In the darkness he bound up Carlo's shattered jaw with a strip of sheet, and then he hacked downwards, chopping through the olive's roots, unearthing ancient layers of stones and fires, tossing out shards of pottery and the ancient shoulder-blades of sheep. He did not know it, but he buried Carlo in the soil of Odysseus' time, as though he had belonged there from the first.

Just before dawn, when the surgery on the captain was complete at last, and father and daughter were both unutterably exhausted, they came out to say farewell to that heroic flesh.

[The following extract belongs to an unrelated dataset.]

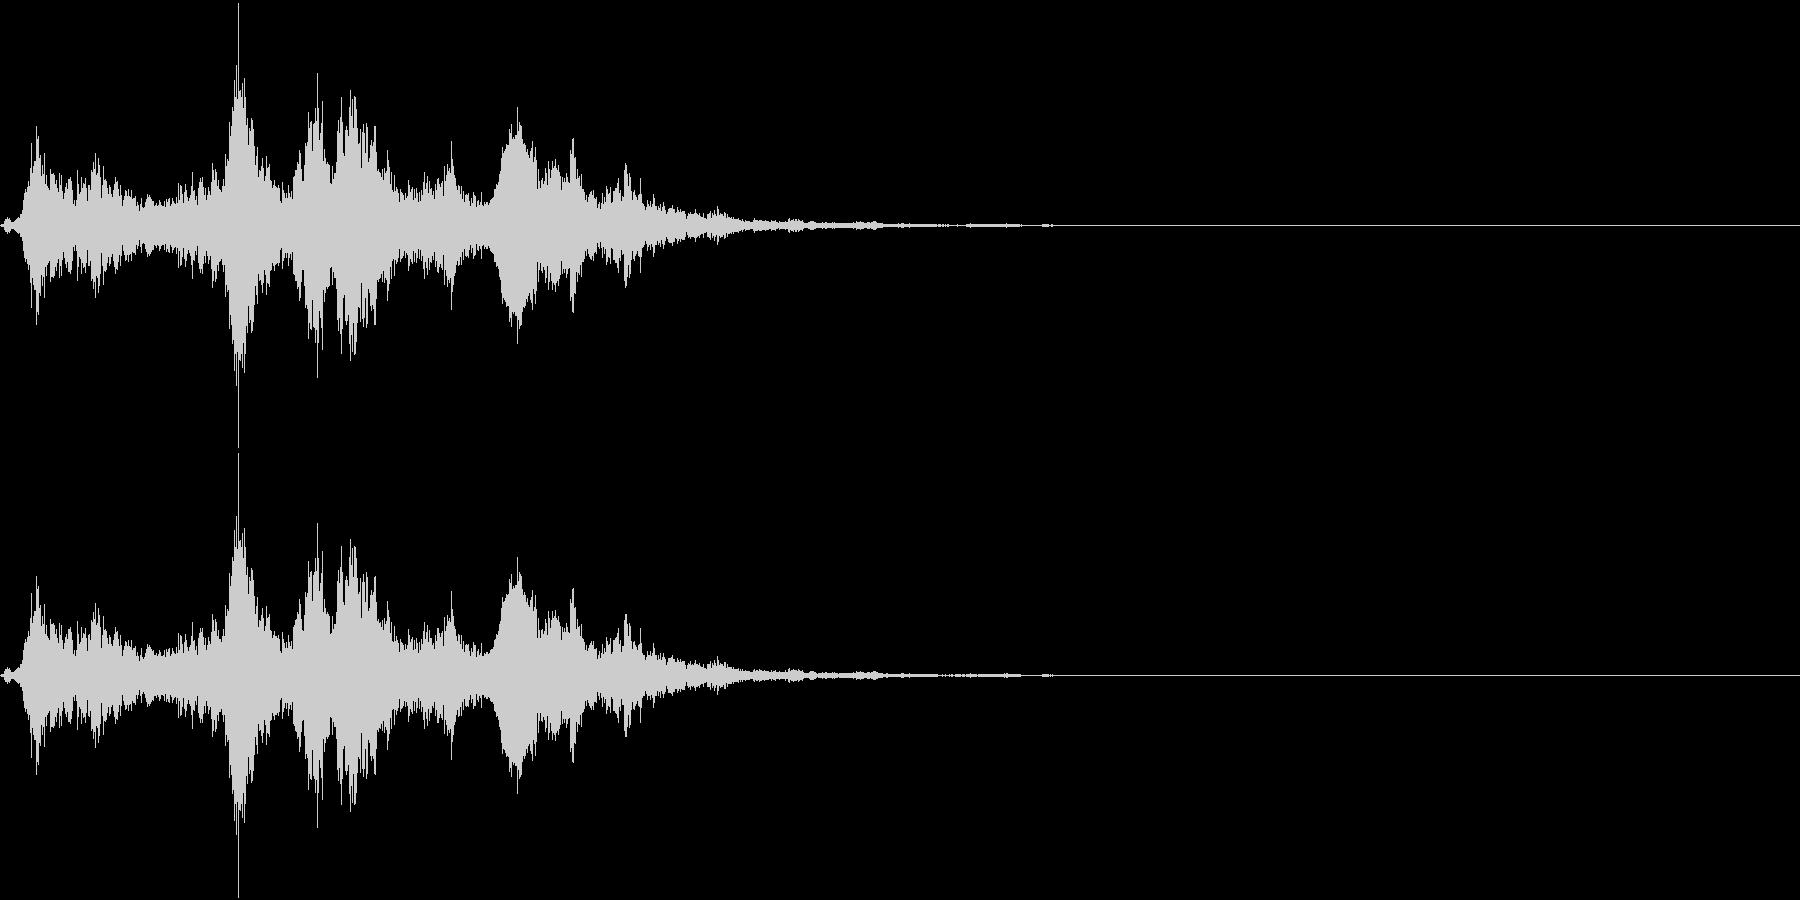 音侍SE「シャンシャーン」象徴的な鈴の音の未再生の波形

Pelagia combed the hair and kissed the forehead, and the doctor, naturally a pagan and always moved by ancient ways, placed a silver coin over each eye and a flask of wine in the grave. Velisarios stood below and brought the body down. He straightened up, and a thought occurred to him. From his pocket he took a crushed pack of cigarettes, removed one, straightened it out, and placed it in the dead man's lips. 'I owed him one,' he said, and clambered out.

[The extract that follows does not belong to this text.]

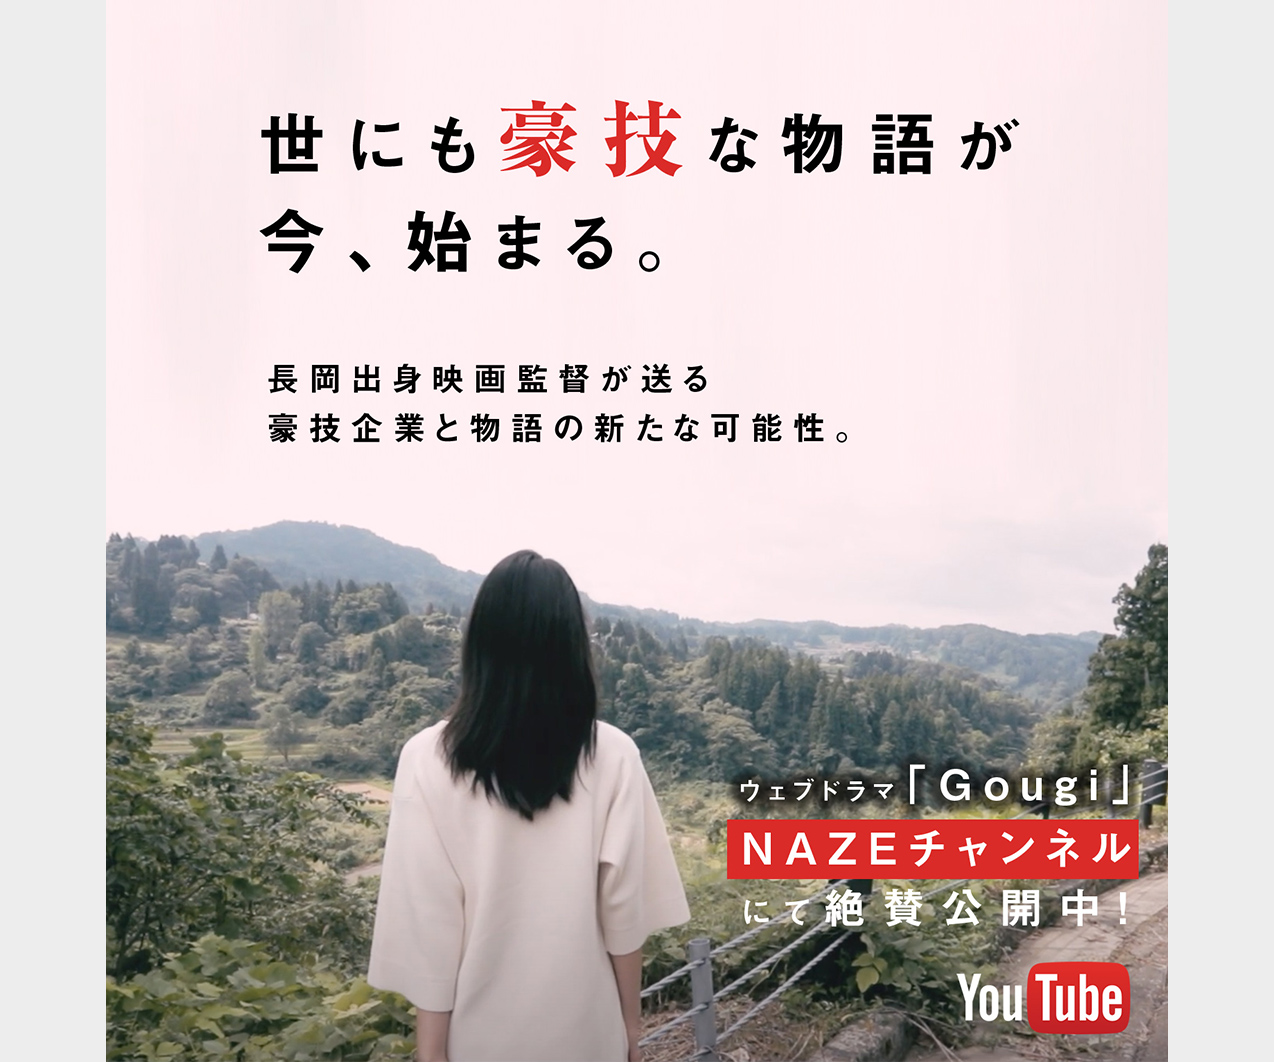 naze_banner_top_drama_gougi

The doctor made an oration, with Pelagia beside him weeping and Velisarios kneading his hat in his hands.

'Our friend,' he said, 'who arrived as an enemy, has passed over the meadows of asphodel. We found him fuller of the knowledge of goodness than any other mortal man. We remember that his many decorations were for saving lives, not for destroying them. We remember that he died as nobly as he lived, valiant and strong. We are creatures of a day, but his spirit will not dim. He made an eager grace of life and was arrested in mid-path by blood-boltered men whose name will live in infamy down the passage of the years. These also will pass away, but unlamented and unforgiven; the meed of death is common to us all. When death comes to these men they shall become spirits drifting useless in the dark, for man's day is very short before the end, and the cruel man, whose ways are cruel, lies accursed and is a by-word after death. But the spirit of Carlo Guercio shall live in the light as long as we have tongues to speak of him and tales to tell our friends.

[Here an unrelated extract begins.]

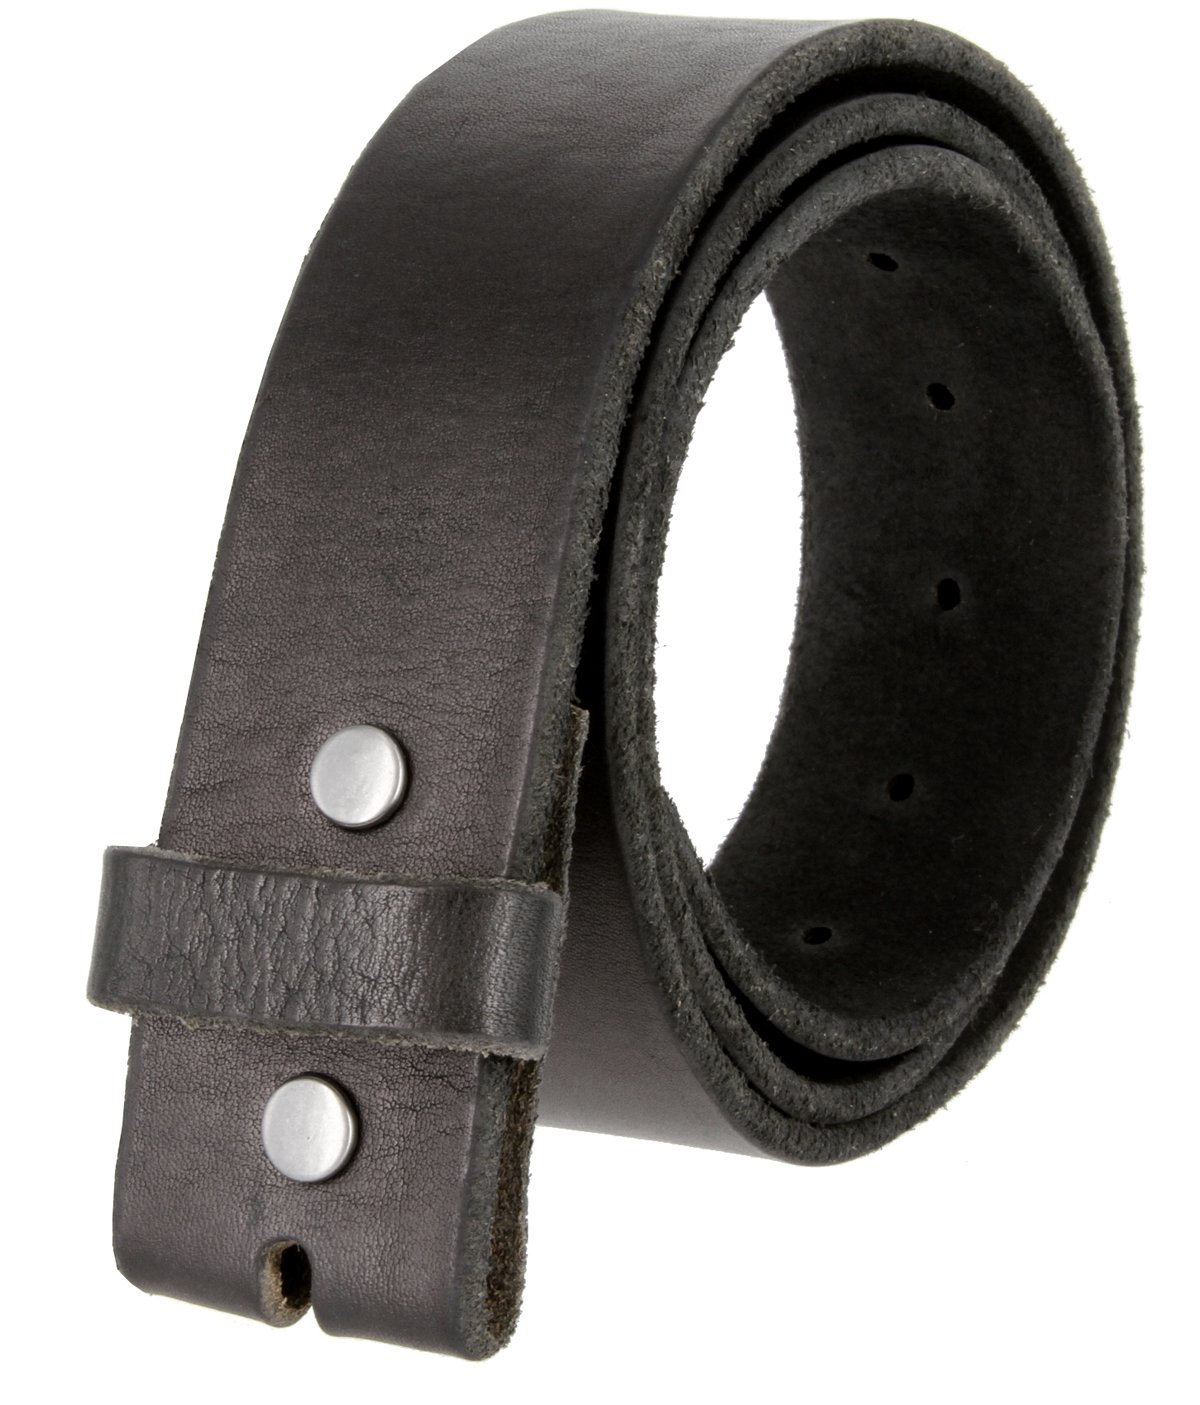 BS-40 Women's Vintage Style Full Grain Leather 1-1/2'' Wide Belt Strap (Black, 32)

'It is said that of all things that creep and breathe upon her, the earth breeds no feebler thing than man. It is true that Carlo was made by misfortune to roll around the world, but in him we found no feebleness. In him there was no rude arrogance, he was no nefarious ruffian to misuse another's home. In him we found combined the softness of a maiden and the massive strength of rock, the perfect figure of the perfect man. He was one who could have said, "I am a citizen, not of Athens or of Rome, but of the world." he was a man of whom we would say, "Nothing can harm a good man, either in life or after death."

'Remember these sayings that have come down to us from old: "Whom the gods love, die young."

"Man is a dream of a shadow.'

"Even the gods cannot change the past."

"Men in their generations are like the leaves of the trees. The wind blows and one year's leaves are scattered to the ground; but the trees burst into bud and put on fresh ones when the springtime comes."

'I remember also that the poet tells us that surely there is a time for long-speaking and a time for sleep. Sleep long and well. You will not be curbed by age, you will not grow weak, you will not know sorrows nor infirmity. As long as we remember you, you will be remembered fair and young. Cephallonia has no greater honour than to count itself the guardian of your bones.'

Leaning upon each other, the doctor and his daughter returned inside, listening to Velisarios, the stony scrape of the shovel, the patter of falling earth. Carefully they carried Corelli to Pelagia's bed, and outside the first birds sang.

59 The Historical Cachette

It was only a short time before the Germans had consolidated their positions and begun to take an interest in loot. Not only did the doctor have to hide his valuables, which was the common lot and nothing to be wondered at, but he found himself embarrassed by an Italian officer immobile in his daughter's bed. Pelagia made up bedding for him at the bottom of the cachette beneath the floor of the kitchen, and once more Velisarios was called in to carry him, neither the doctor nor Pelagia having the strength to move him without injury. There he was reunited with his mandolin, and Carlo's papers were temporarily removed. In the interests of Corelli's health the lid of the hiding-place was left open unless troops were in the vicinity, propped up by a piece of broomstick that could be quickly kicked away before the mat was replaced and the table realigned. Thus there was to come a time when he and Pelagia huddled helplessly in the darkness of the hole as the family's glasses and plates were stolen and the doctor was assaulted and abused.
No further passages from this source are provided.